Selective Functionalized Pt nanoparticles on WS2 by Atomic Layer Deposition for Enhancing Recovery and Responsivity of NO2 Gas Sensor

Abstract

The need for gas sensing of trace amounts of NO2, which could cause damage to human respiratory system, has attracted great interest for environmental monitoring and health protection. Especially, two-dimensional transition metal dichalcogenides (2D TMDCs) based gas sensors have shown outstanding gas sensing properties even at room temperature owing to its high surface-to-volume ratio.

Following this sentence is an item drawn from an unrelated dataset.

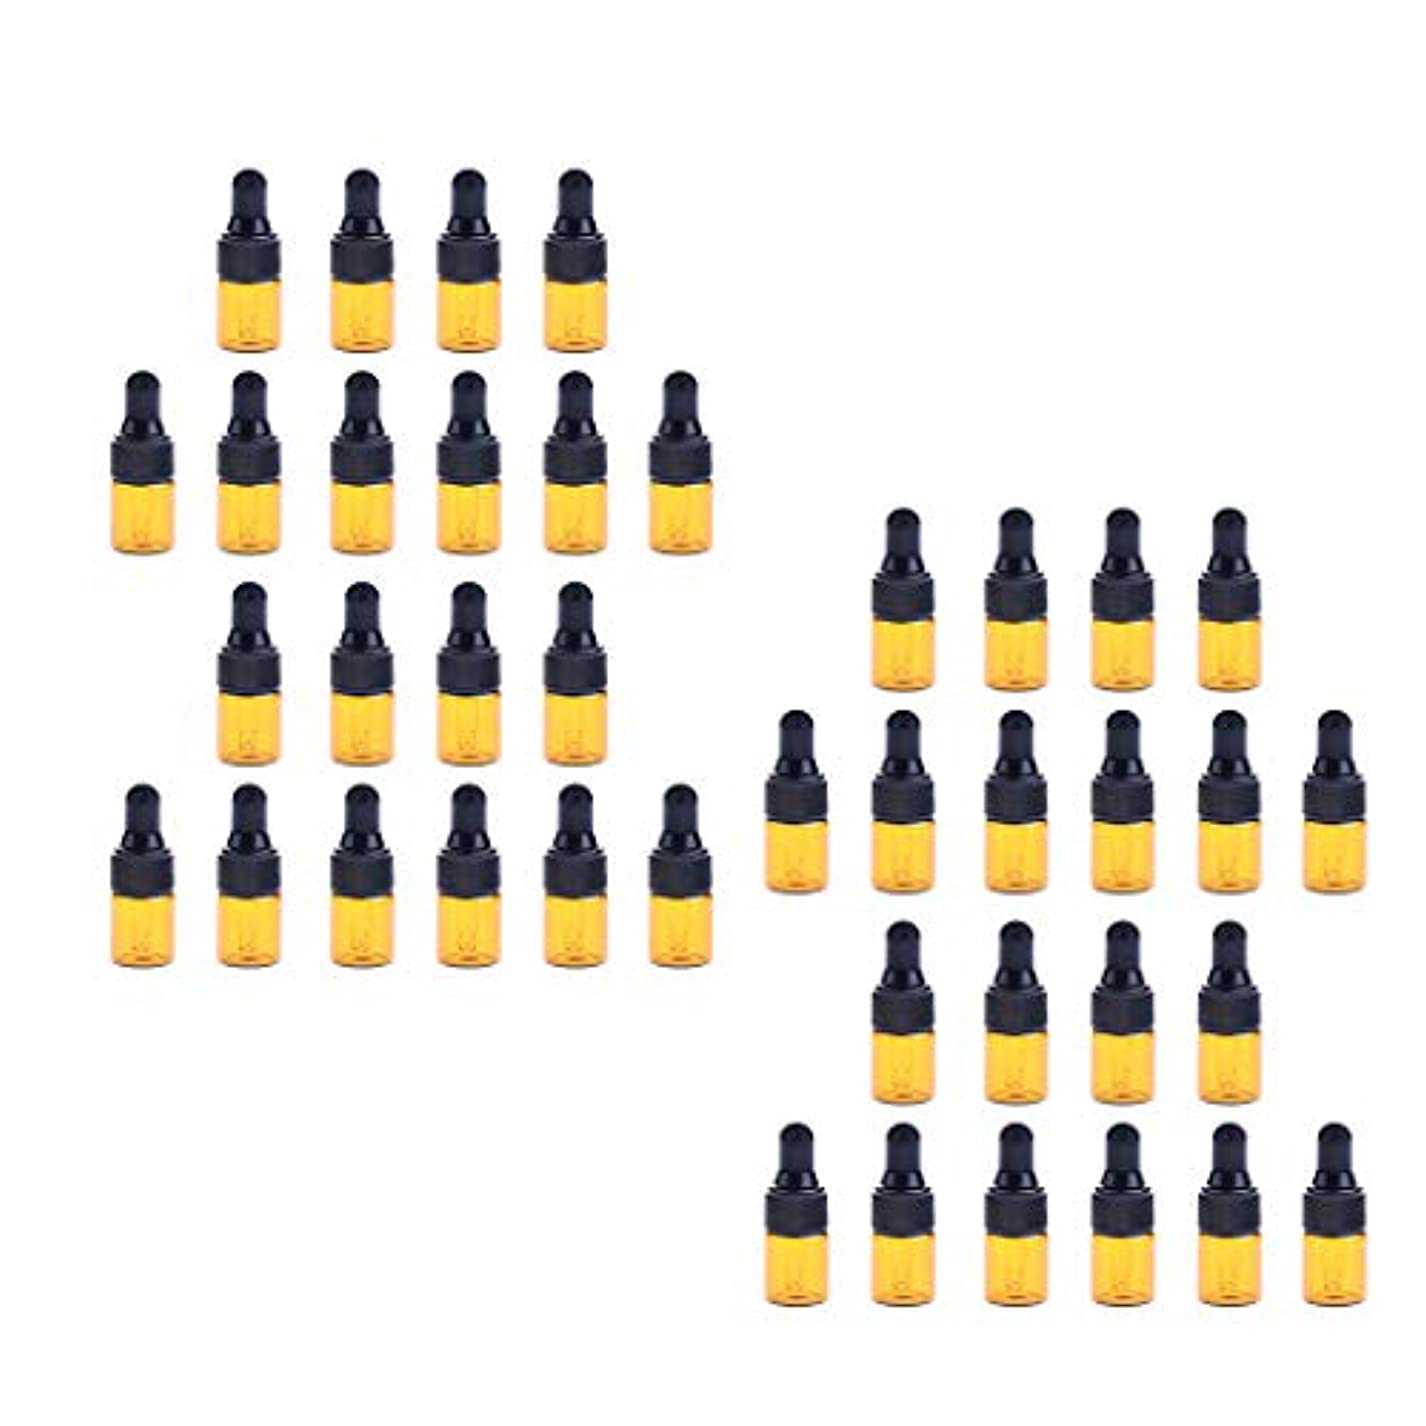 破滅オークションセマフォchiwanji 40個入 ドロッパーボトル ガラス瓶 エッセンシャルオイル 精油 保存容器 詰め替え 小型 1ml /2ml

However, 2D TMDCs based gas sensors have several issues such as poor recovery rate due to chemisorbed gas molecules (NO2) at defects such as dangling bonds or grain boundaries (GBs) and low response. [1] In order to solve this problem, functionalization of 2D TMD surface has been widely studied using noble metals such as Pt, Pd, Au.[2] Among them, Pt nanoparticles (Pt NPs) is known to be effective materials for enhancing the NO2 sensing properties due to its greater electronic or chemical sensitization effect than that of other noble metal NPs. [3] For synthesis of Pt NPs, conventional methods such as PVD and hydrothermal method could attribute to agglomeration of NPs which could lead to incomplete recovery and formation of undesirable current path of sensor. So, in this study, we selectively functionalized Pt NPs on defects of tungsten disulfide (WS2) using atomic layer deposition (ALD) which could easily control distribution of NP. The Pt functionalized WS2 gas sensor showed 6 times higher response and higher recovery rate (~93.2%) than those of pristine WS2 based gas sensor, respectively.